Na Videoaula sobre terceirização, Vanessa Patriota da Fonseca explica que a justificativa para terceirização não é a redução de custos, mas a falta de know how sobre determinado serviço

Já está disponível no YouTube da Escola Superior do Ministério Público da União (ESMPU) a Videoaula “Terceirização, uma opção de gestão? ”, da procuradora do Trabalho

Vanessa Patriota da Fonseca, vice-coordenadora nacional da Coordenadoria Nacional de Combate às Fraudes nas Relações de Trabalho (Conafret) do MPT. O módulo é dividido em duas partes. No início a instrutora explica que a terceirização surgiu na administração dentro da ideia de “empresa enxuta”: a organização deveria focar sua atenção para a atividade-fim e repassar a terceiros as funções sobre as quais não possui expertise. Clique para acessar.

A Aula 1 mostra porque a terceirização na atividade-fim não se consubstancia em uma legítima terceirização, mas sim em uma mera intermediação de mão de obra. A procuradora cita que, no Brasil, as empresas começaram a contratar terceiros para trabalhar em atividades essenciais, fazendo uma espécie de “aluguel de trabalhadores” para serem utilizados em sua linha de produção. “Isso não é terceirizar serviços, mas sim intermediar mão de obra, alugar gente, o que é repudiado internacionalmente pela Organização Internacional do Trabalho (OIT). Trabalhador não é mercadoria”.

Em sua exposição, Vanessa Patriota refuta o argumento de que “a terceirização da atividade finalística leva a redução de custos”. “Essa redução só pode acontecer com sonegação de direitos. O que justifica a terceirização não é a redução de custos, mas a falta de know how sobre determinado serviço”, explica.

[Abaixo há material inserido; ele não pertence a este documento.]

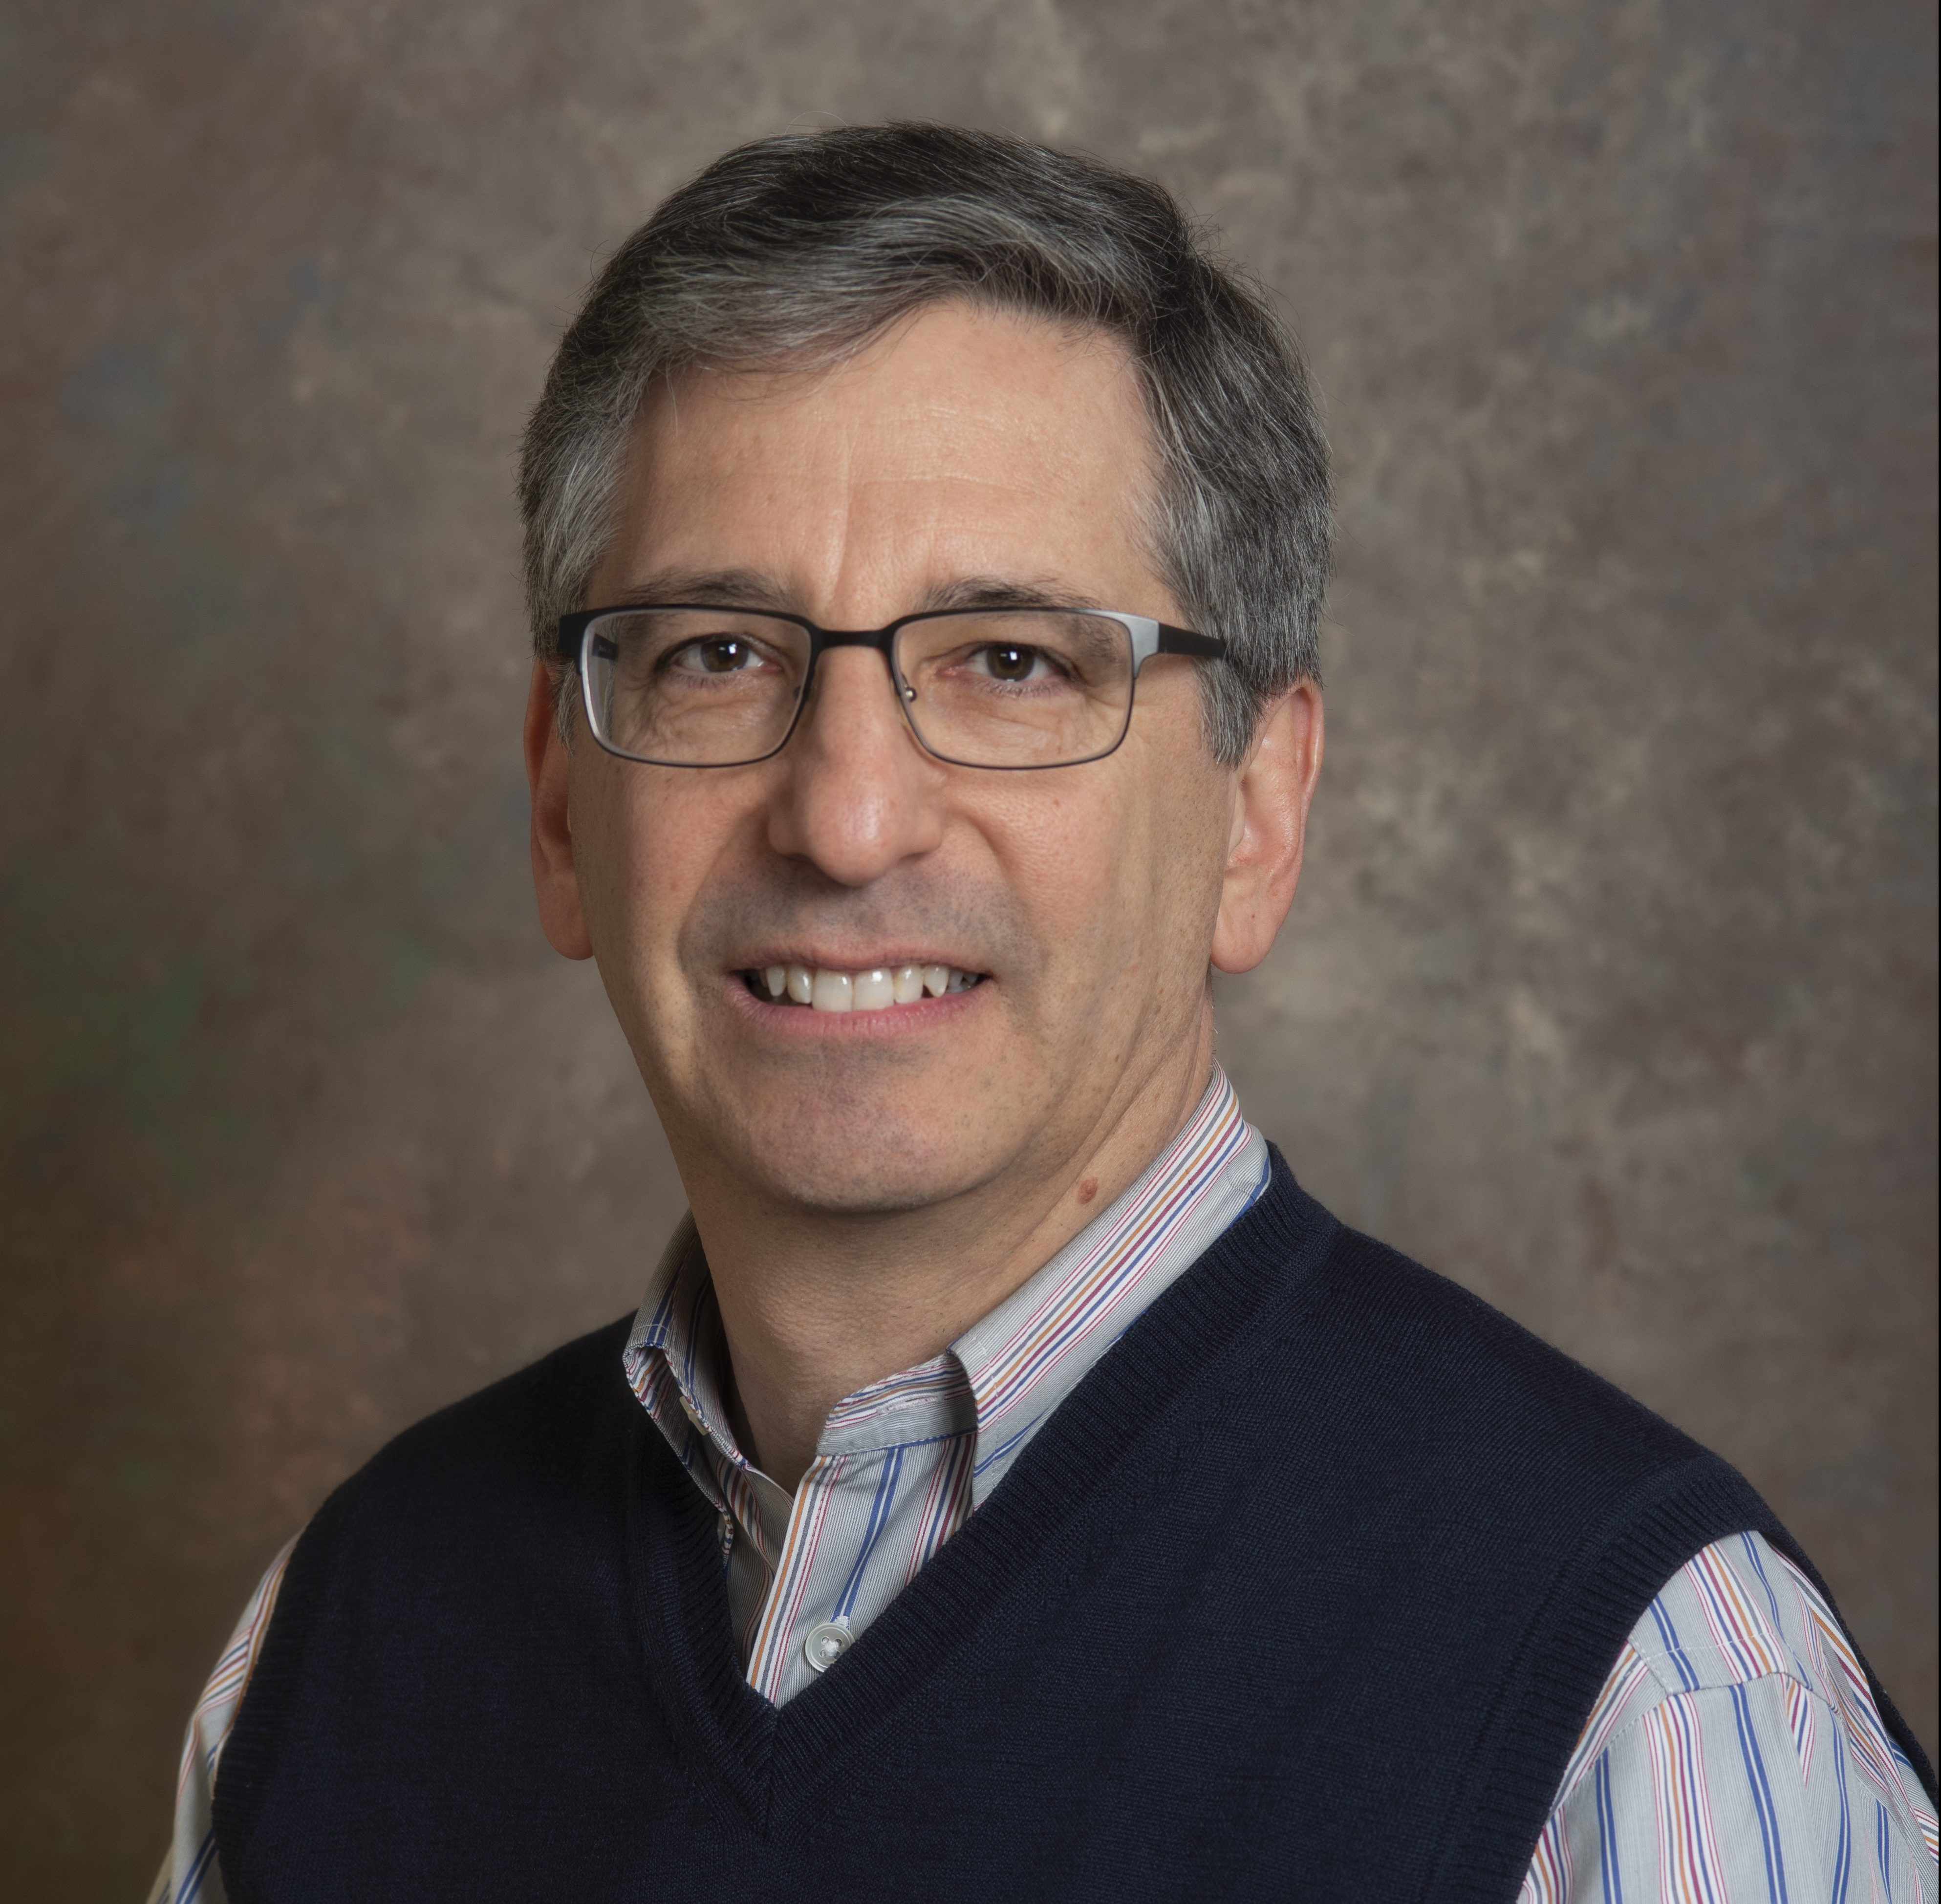 Michael Blaustein
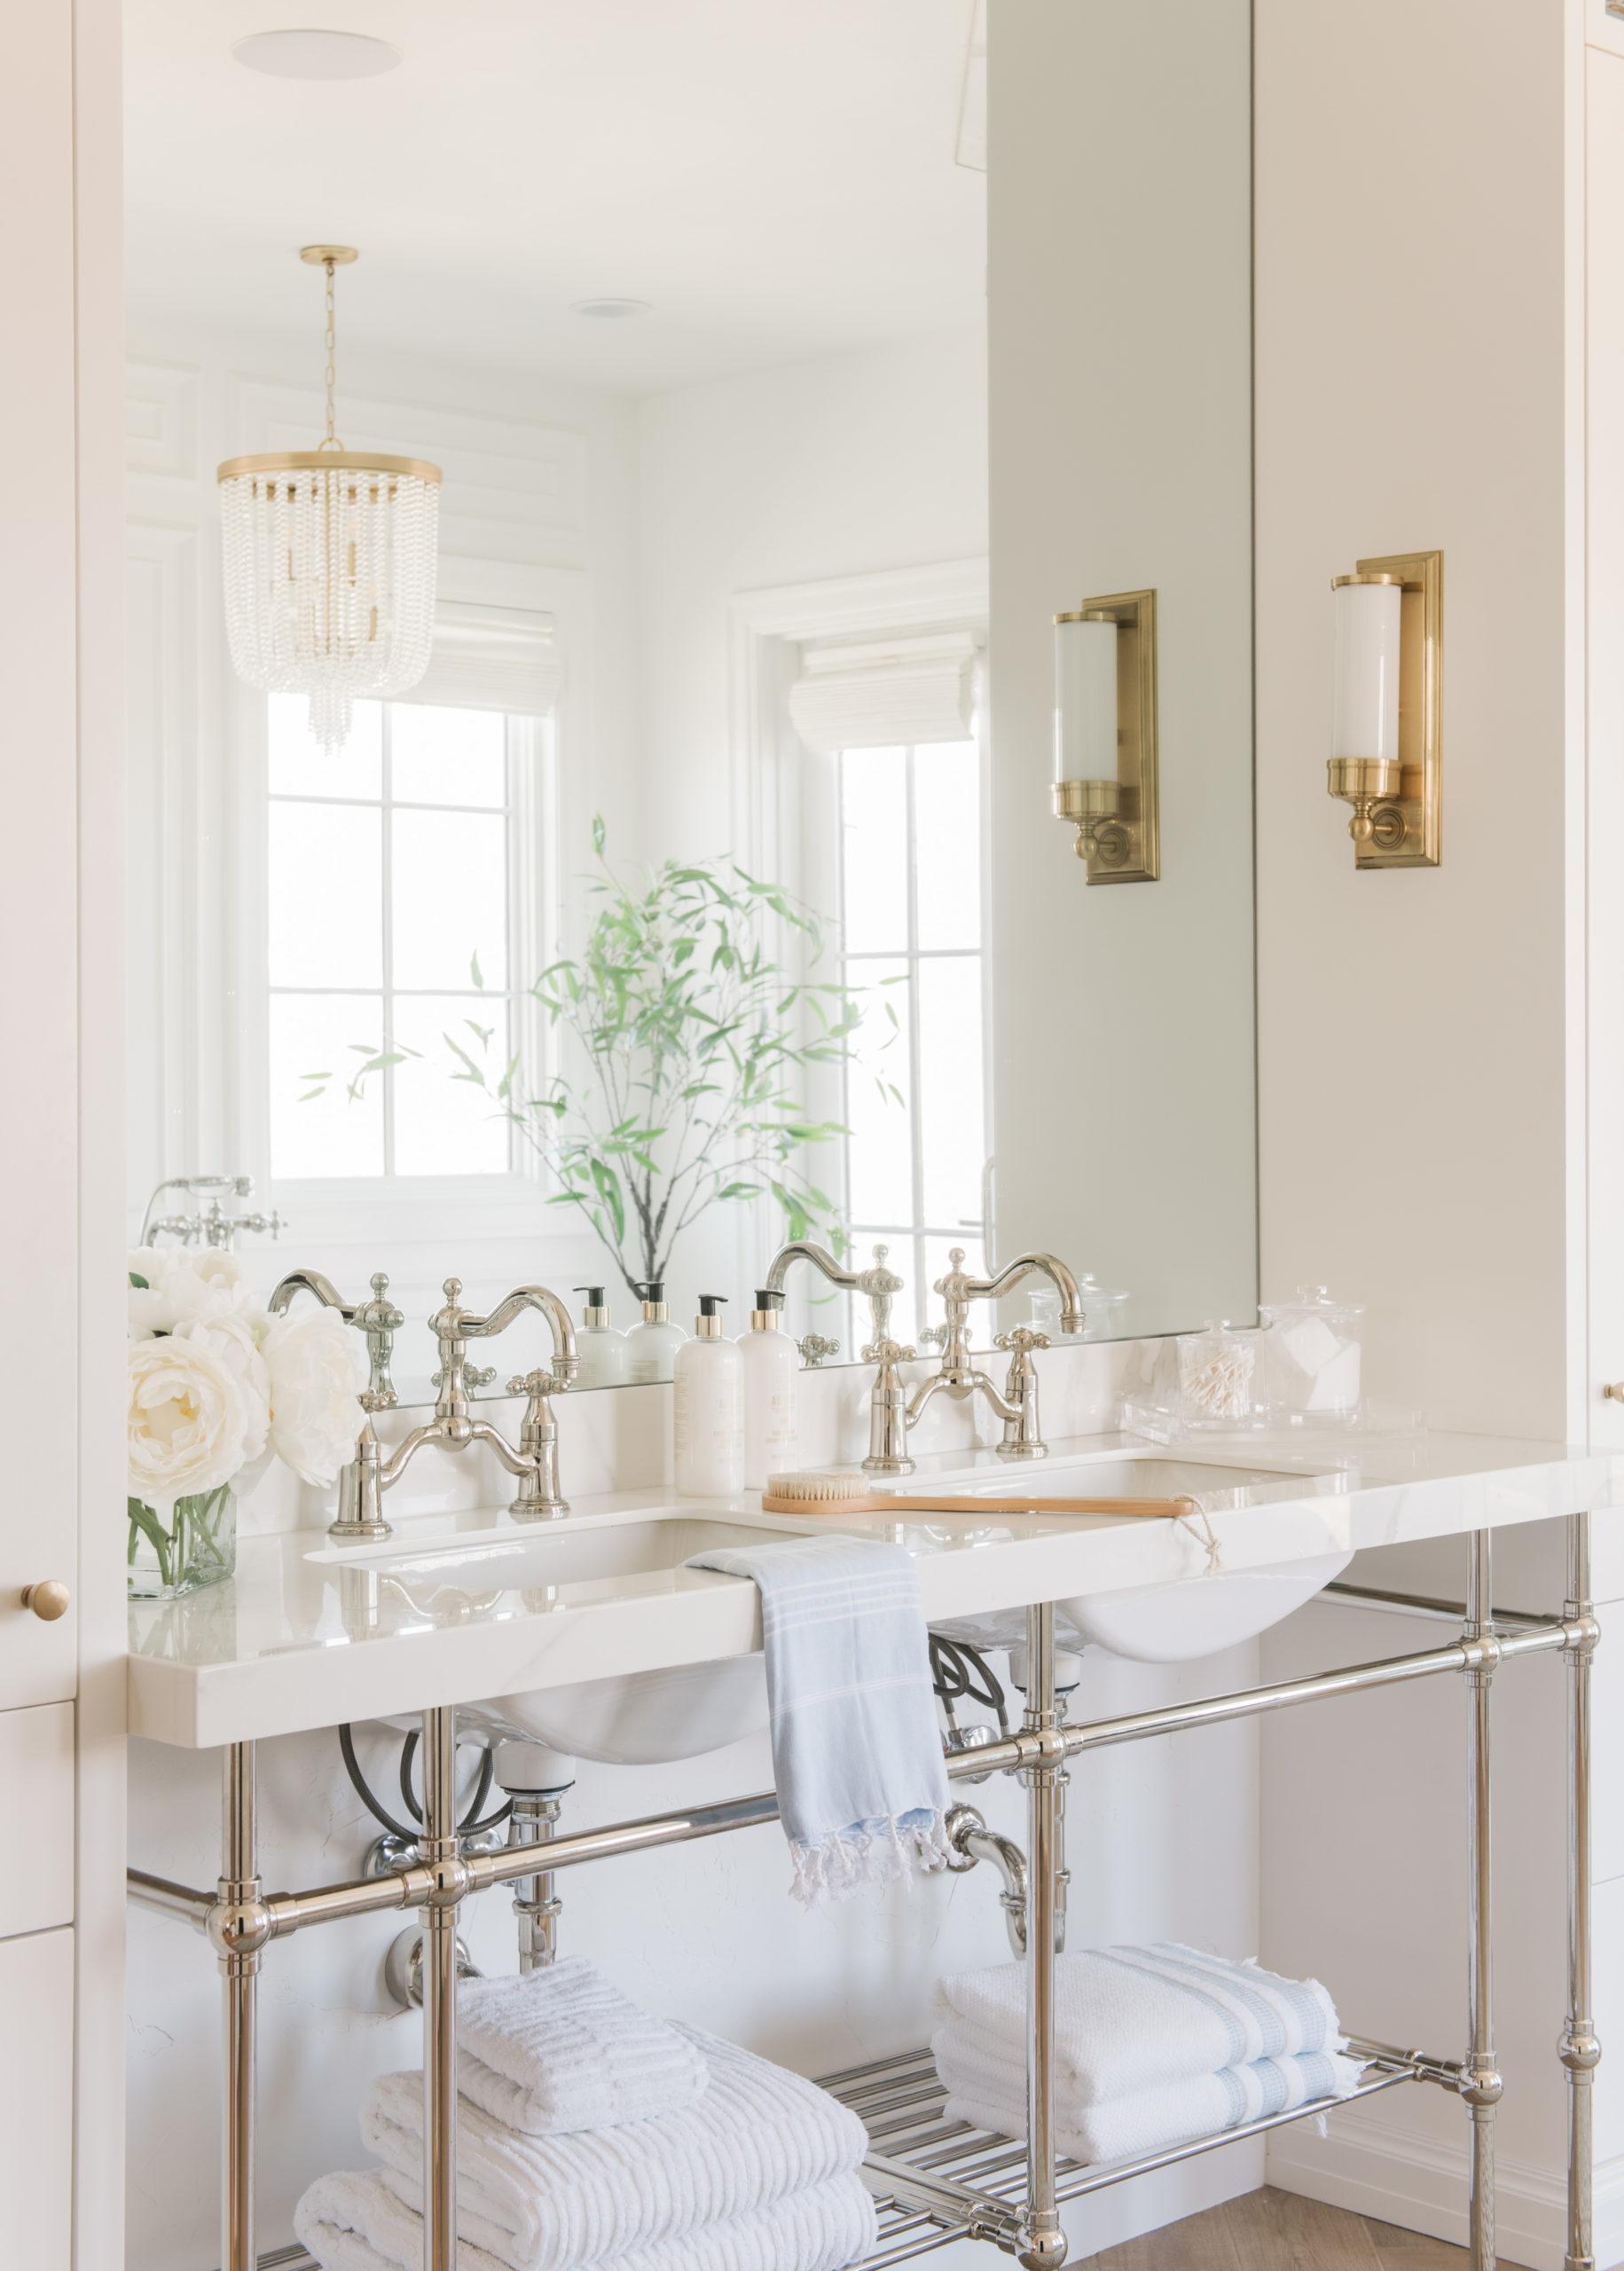 luxe badkamer gouden wandlampen boven wastafels

Ela apresenta ainda informações extraídas do Departamento Intersindical de Estatística e Estudos Socioeconômicos (DIEESE), as quais apontam que um terceirizado ganha 24,7% a menos e trabalha em média três horas a mais por semana. Além disso, de cada dez acidentes de trabalho, oito envolve terceirizados; e de cada cinco acidentes fatais, quatro acontece com terceirizados.

“As consequências dessa intermediação de mão de obra são muito nefastas, indo desde a redução de salários e benefícios, descuido com questões de segurança, elevação de jornadas, até a criação de duas categorias de trabalhadores dentro da mesma empresa: uma com mais e outra com menos direitos. Também afeta a contratação de trabalhadores com deficiência e de aprendizes”, elenca.

A Aula 2 aborda as alterações legislativas e os projetos de lei em tramitação no Congresso Nacional sobre o assunto. A procuradora do trabalho fala sobre a Lei n. 13.429 de 2017 que dispensou o tomador de serviço de comunicar os acidentes de trabalho ocorridos com terceirizados, não trouxe isonomia entre os trabalhadores com contratação direta e os terceirizados e ainda não resolveu o problema do pagamento dos créditos trabalhistas.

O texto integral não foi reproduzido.